Give back the full listing exactly, setting the pictures aside.
Segment Start: SUPPLIED DATA
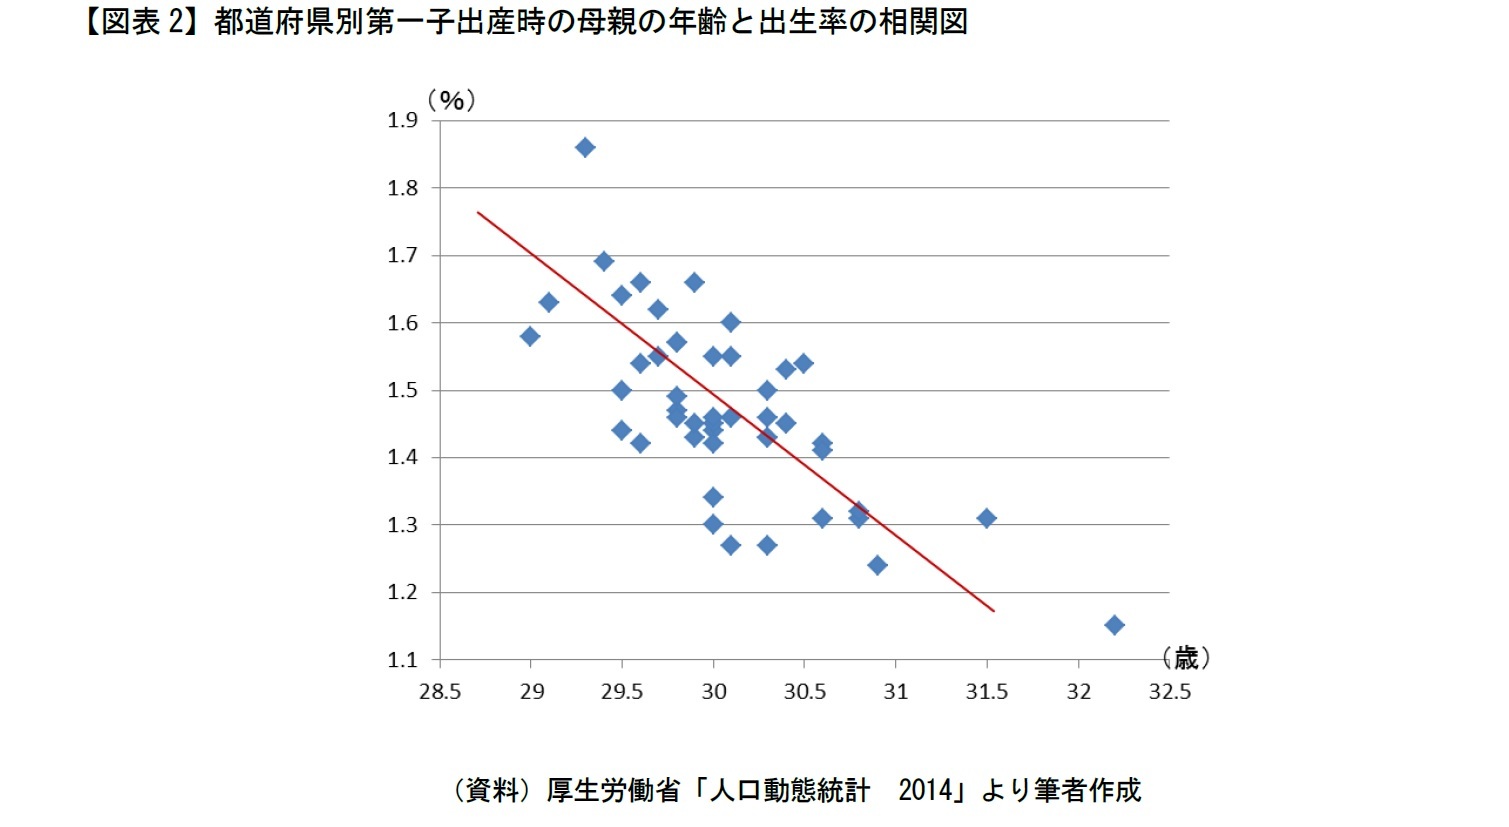 【図表2】都道府県別第一子出産時の母親の年齢と出生率の相関図
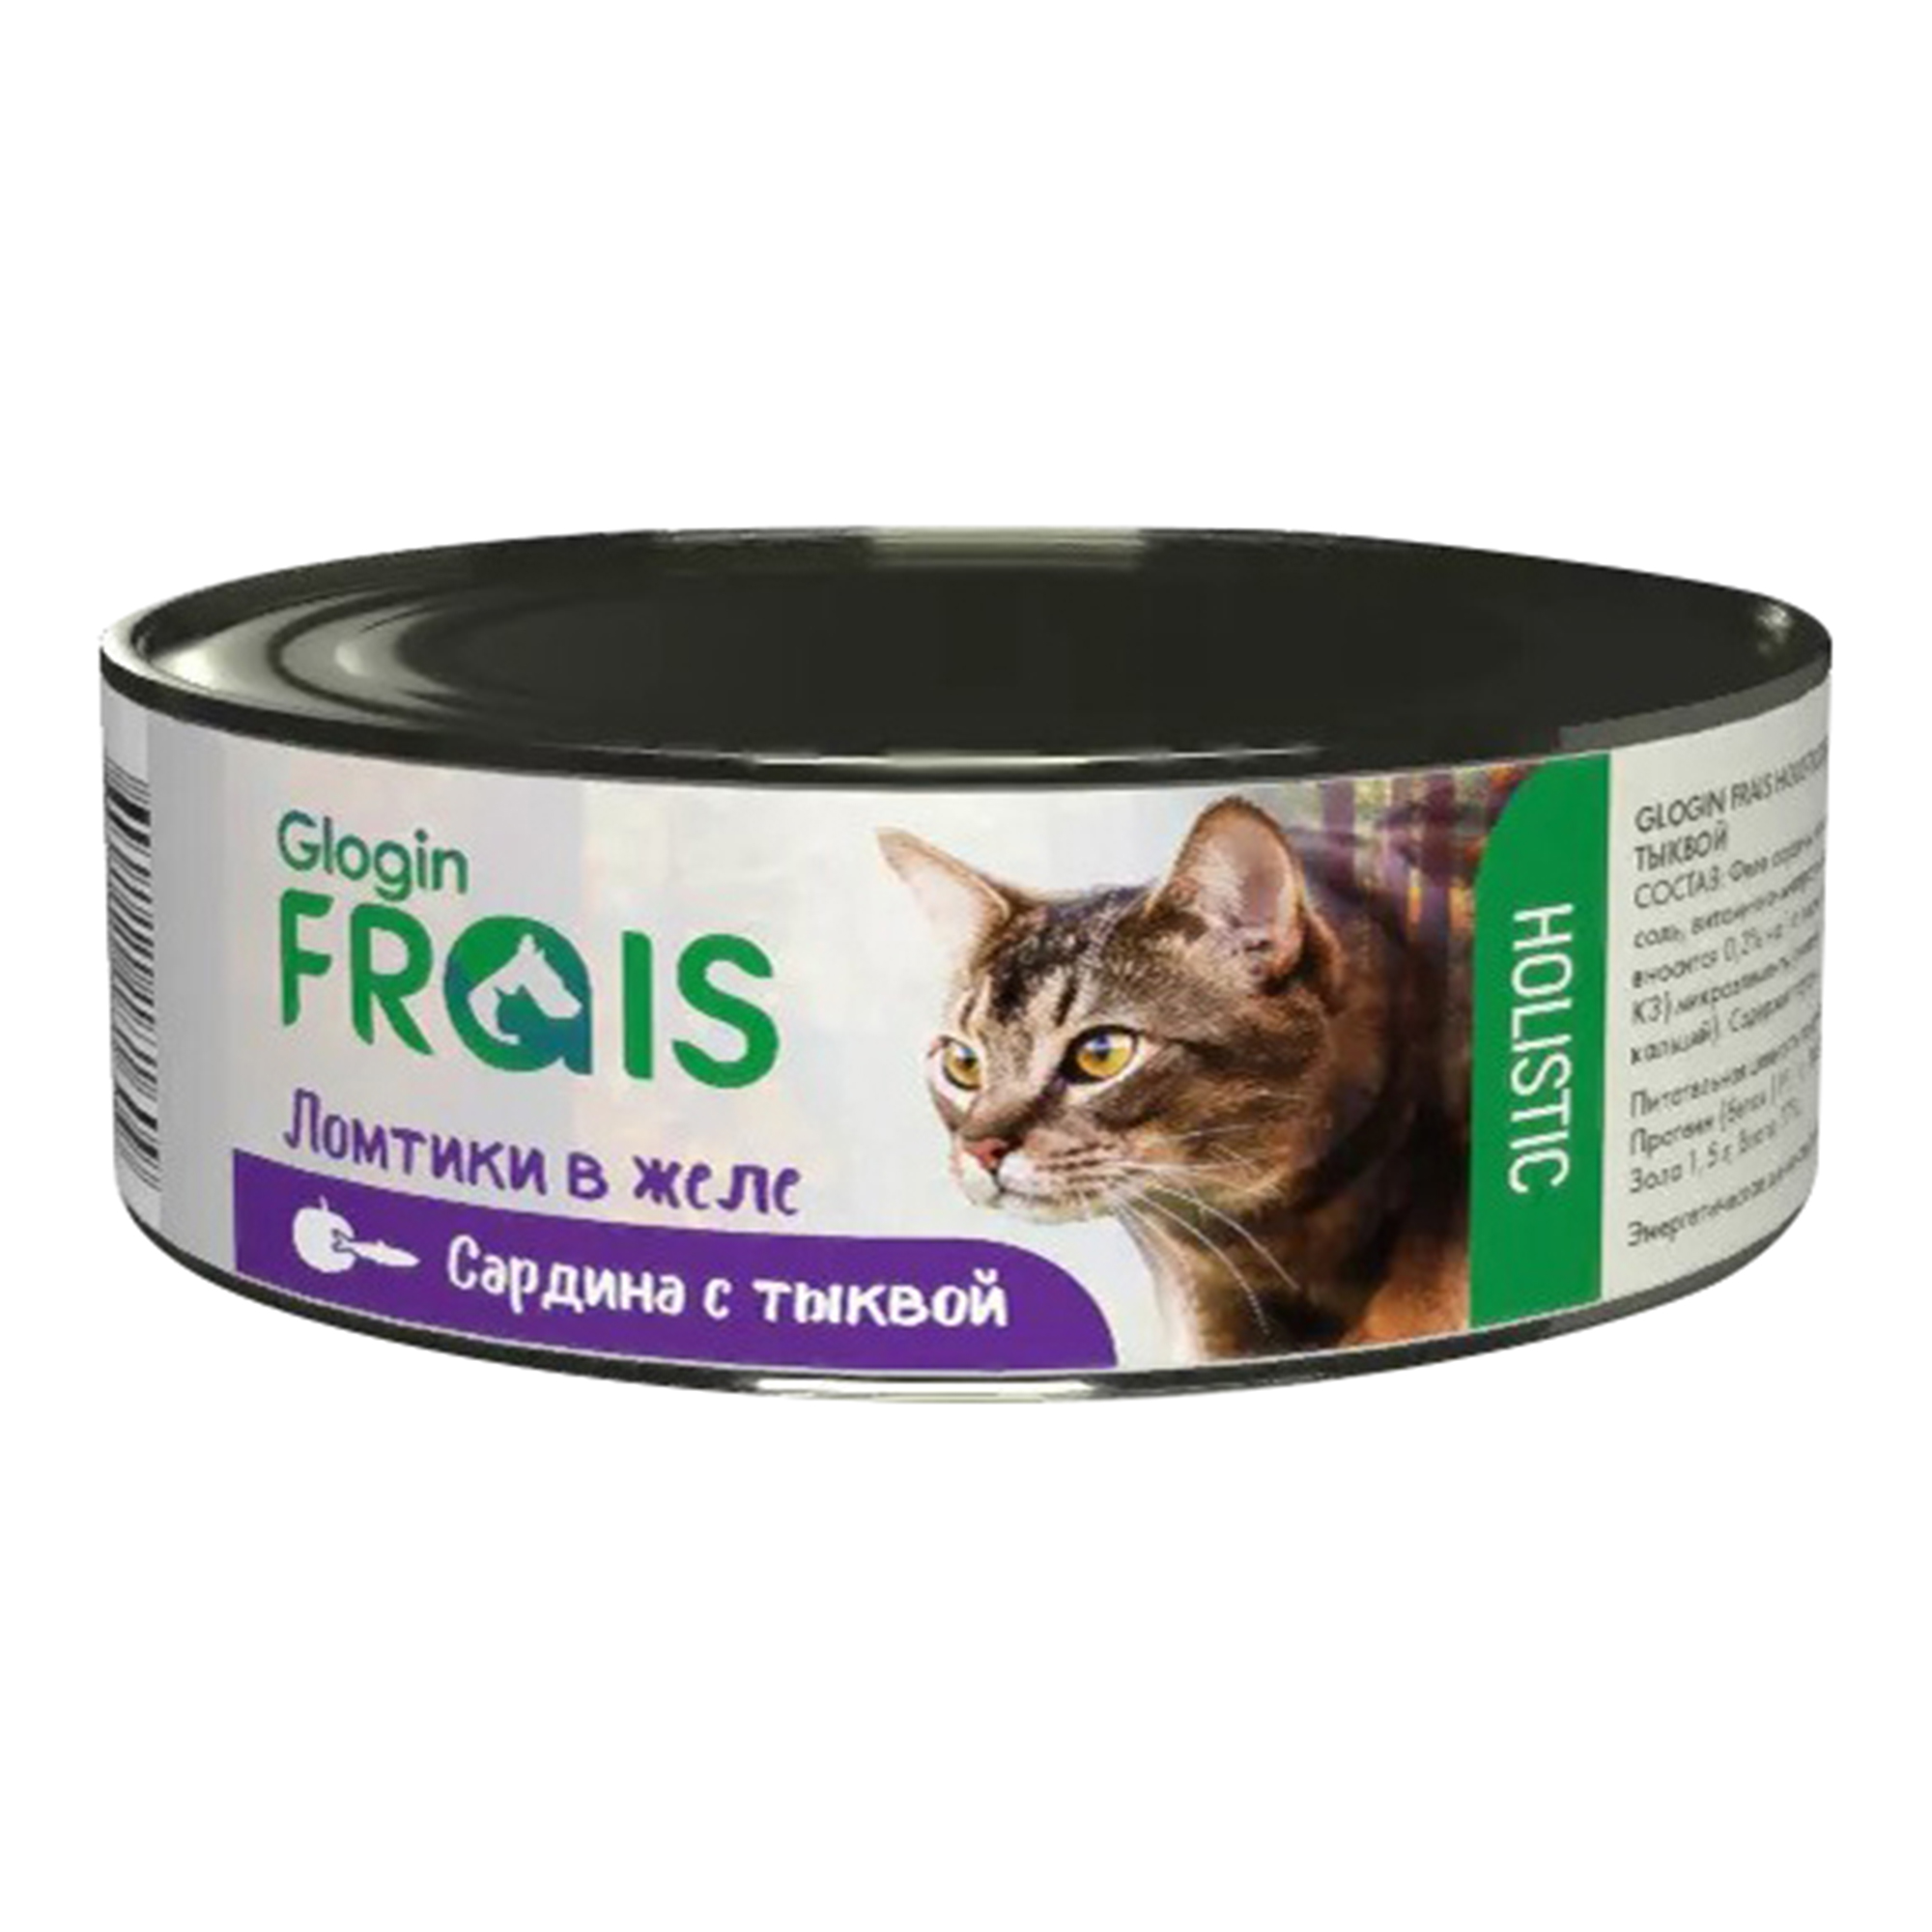 Консервы для кошек FRAIS Holistic cat, рыба, тыква, 100г
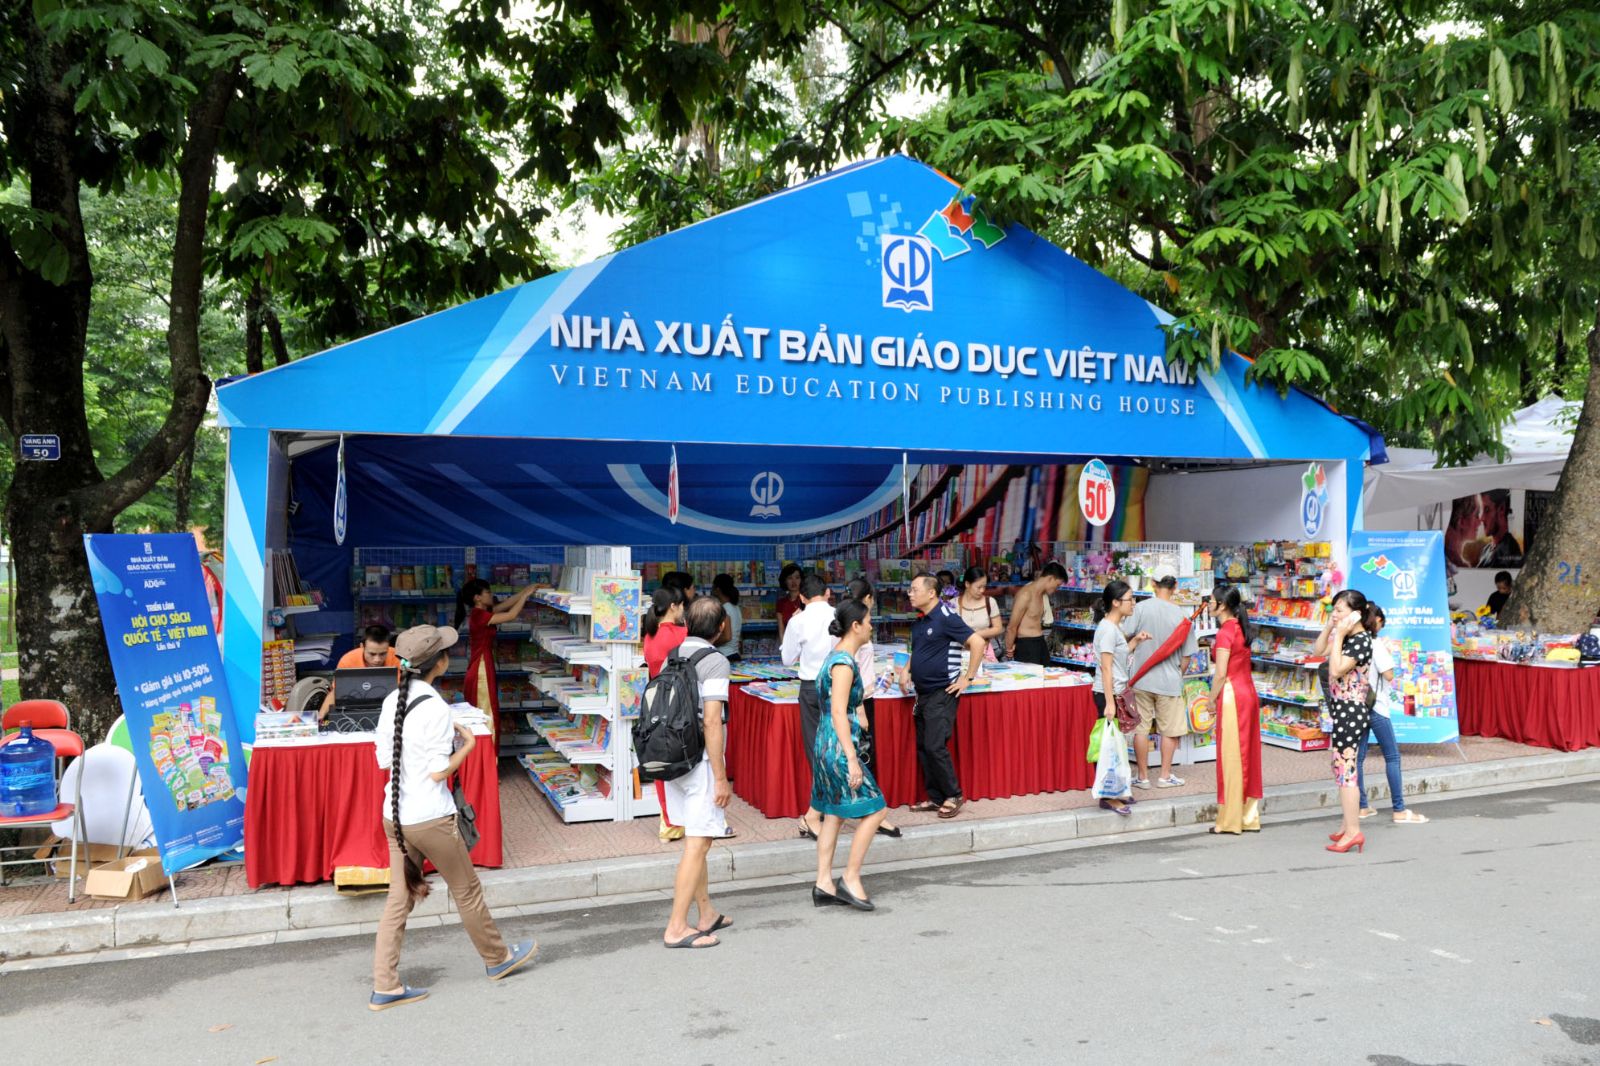 Nhà xuất bản Giáo dục Việt Nam tham gia Triển lãm - Hội chợ Sách quốc tế Việt Nam lần thứ V
Segment End: SUPPLIED DATA
#### [TASK ANSWER]
 【図表2】都道府県別第一子出産時の母親の年齢と出生率の相関図
 Консервы для кошек FRAIS Holistic cat, рыба, тыква, 100г
 Nhà xuất bản Giáo dục Việt Nam tham gia Triển lãm - Hội chợ Sách quốc tế Việt Nam lần thứ V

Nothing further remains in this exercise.